Start of Data for the task

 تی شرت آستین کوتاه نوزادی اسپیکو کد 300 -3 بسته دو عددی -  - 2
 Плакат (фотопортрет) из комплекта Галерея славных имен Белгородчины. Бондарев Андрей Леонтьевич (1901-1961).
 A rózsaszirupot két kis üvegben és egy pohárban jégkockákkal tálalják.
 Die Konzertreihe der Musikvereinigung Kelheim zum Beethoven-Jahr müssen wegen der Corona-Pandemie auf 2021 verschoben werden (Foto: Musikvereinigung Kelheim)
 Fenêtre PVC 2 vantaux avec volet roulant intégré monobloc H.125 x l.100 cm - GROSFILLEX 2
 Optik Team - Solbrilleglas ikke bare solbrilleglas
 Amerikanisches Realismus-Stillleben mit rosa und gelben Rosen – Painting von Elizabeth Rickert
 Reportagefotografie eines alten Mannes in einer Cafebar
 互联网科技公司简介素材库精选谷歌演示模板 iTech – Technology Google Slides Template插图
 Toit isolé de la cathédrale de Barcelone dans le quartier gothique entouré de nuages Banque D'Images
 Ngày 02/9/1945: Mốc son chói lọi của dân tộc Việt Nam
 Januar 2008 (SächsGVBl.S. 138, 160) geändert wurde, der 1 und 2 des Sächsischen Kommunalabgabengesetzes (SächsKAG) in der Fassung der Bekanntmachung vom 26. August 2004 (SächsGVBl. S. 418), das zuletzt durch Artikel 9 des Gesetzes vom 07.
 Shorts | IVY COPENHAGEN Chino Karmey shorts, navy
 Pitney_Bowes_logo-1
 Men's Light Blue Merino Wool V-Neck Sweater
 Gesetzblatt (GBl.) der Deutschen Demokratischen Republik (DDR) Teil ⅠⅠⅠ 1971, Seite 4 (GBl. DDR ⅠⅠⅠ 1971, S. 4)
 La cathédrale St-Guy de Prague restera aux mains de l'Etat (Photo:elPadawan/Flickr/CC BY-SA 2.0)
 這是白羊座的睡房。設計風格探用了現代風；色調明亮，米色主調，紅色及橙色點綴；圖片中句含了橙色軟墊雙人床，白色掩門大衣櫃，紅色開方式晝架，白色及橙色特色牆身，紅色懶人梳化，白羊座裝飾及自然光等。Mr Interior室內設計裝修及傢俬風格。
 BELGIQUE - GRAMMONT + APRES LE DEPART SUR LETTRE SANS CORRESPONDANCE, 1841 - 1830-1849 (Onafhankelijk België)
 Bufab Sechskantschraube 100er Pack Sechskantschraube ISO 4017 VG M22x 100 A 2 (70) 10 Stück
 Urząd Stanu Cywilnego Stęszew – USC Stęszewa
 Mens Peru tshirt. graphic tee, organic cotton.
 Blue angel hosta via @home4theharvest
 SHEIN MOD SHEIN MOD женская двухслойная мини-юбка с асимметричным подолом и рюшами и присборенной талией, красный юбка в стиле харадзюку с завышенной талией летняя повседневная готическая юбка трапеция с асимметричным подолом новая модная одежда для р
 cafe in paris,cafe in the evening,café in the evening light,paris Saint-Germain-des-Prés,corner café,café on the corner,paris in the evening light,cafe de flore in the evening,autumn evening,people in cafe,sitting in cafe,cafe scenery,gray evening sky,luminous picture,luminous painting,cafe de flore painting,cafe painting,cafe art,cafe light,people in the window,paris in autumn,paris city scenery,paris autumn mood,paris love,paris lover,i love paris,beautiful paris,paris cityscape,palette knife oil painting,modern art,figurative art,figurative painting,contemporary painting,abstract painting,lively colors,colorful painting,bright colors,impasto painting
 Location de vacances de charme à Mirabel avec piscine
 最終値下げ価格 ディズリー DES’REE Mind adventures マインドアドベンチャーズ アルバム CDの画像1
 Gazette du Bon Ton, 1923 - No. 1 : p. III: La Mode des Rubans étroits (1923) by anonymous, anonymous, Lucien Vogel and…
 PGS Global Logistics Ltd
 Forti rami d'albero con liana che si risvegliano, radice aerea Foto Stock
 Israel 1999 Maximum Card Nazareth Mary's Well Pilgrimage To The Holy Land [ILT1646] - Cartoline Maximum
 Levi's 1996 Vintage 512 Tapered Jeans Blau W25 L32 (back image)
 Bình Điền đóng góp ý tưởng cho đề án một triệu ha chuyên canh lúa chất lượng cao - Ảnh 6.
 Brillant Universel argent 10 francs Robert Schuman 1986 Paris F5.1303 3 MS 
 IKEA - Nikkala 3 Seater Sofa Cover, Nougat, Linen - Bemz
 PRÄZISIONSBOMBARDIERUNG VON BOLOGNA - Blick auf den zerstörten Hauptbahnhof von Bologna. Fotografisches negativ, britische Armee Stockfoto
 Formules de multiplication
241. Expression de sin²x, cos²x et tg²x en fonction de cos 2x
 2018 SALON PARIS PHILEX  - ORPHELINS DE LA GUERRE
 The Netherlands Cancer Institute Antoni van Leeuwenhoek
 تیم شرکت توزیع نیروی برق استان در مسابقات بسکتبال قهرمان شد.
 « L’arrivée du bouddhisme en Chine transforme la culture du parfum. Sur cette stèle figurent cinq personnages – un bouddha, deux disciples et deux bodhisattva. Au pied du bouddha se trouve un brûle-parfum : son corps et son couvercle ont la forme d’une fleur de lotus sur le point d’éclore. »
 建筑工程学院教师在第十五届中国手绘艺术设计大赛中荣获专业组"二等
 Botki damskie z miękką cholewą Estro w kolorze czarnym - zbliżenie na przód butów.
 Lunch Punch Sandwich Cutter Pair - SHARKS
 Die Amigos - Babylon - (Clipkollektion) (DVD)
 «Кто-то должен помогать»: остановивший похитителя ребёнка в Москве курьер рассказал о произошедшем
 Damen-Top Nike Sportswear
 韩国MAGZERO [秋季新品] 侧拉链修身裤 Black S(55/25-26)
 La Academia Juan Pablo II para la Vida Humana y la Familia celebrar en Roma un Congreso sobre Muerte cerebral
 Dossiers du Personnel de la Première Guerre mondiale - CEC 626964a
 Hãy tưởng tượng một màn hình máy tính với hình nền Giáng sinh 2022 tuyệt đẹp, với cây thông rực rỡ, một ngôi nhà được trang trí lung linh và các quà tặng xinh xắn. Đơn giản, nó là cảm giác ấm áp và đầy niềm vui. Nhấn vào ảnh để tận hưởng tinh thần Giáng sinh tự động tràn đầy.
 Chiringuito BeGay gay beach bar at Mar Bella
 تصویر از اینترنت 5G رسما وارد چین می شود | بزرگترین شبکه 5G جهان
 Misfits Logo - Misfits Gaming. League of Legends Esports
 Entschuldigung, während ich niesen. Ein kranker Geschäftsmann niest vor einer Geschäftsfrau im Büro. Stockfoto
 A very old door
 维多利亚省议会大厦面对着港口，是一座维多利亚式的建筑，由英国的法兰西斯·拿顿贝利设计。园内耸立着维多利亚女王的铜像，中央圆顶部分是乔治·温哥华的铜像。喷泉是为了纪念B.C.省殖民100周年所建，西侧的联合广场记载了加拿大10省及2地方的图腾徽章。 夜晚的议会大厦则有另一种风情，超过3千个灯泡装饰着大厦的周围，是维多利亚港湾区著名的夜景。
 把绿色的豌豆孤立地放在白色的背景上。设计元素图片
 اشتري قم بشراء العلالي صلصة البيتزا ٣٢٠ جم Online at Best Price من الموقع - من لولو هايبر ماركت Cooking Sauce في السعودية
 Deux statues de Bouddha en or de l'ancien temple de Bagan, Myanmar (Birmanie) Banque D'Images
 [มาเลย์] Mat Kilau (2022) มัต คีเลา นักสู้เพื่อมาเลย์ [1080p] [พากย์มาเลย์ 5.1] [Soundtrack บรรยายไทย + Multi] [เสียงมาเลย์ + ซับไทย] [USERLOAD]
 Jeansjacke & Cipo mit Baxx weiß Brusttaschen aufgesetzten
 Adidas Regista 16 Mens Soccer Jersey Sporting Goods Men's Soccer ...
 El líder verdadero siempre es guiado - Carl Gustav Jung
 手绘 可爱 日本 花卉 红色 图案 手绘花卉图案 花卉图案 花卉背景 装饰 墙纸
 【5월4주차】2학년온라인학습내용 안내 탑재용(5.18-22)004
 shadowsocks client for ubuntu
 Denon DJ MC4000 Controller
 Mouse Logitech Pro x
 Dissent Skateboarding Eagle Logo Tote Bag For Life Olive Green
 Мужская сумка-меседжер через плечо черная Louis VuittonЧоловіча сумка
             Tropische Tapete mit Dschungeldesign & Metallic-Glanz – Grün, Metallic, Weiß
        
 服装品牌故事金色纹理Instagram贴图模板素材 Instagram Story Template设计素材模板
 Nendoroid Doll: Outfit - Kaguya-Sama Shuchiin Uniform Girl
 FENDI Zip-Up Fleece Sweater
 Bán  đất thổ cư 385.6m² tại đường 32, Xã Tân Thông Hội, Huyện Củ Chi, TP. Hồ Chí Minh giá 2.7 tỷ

End of Data for the task

What you will do: Please provide an exact transcription of each line from the one holding "Nendoroid Doll: Outfit" through the final line of the data above.

Answer for this exercise:
 Nendoroid Doll: Outfit - Kaguya-Sama Shuchiin Uniform Girl
 FENDI Zip-Up Fleece Sweater
 Bán  đất thổ cư 385.6m² tại đường 32, Xã Tân Thông Hội, Huyện Củ Chi, TP. Hồ Chí Minh giá 2.7 tỷ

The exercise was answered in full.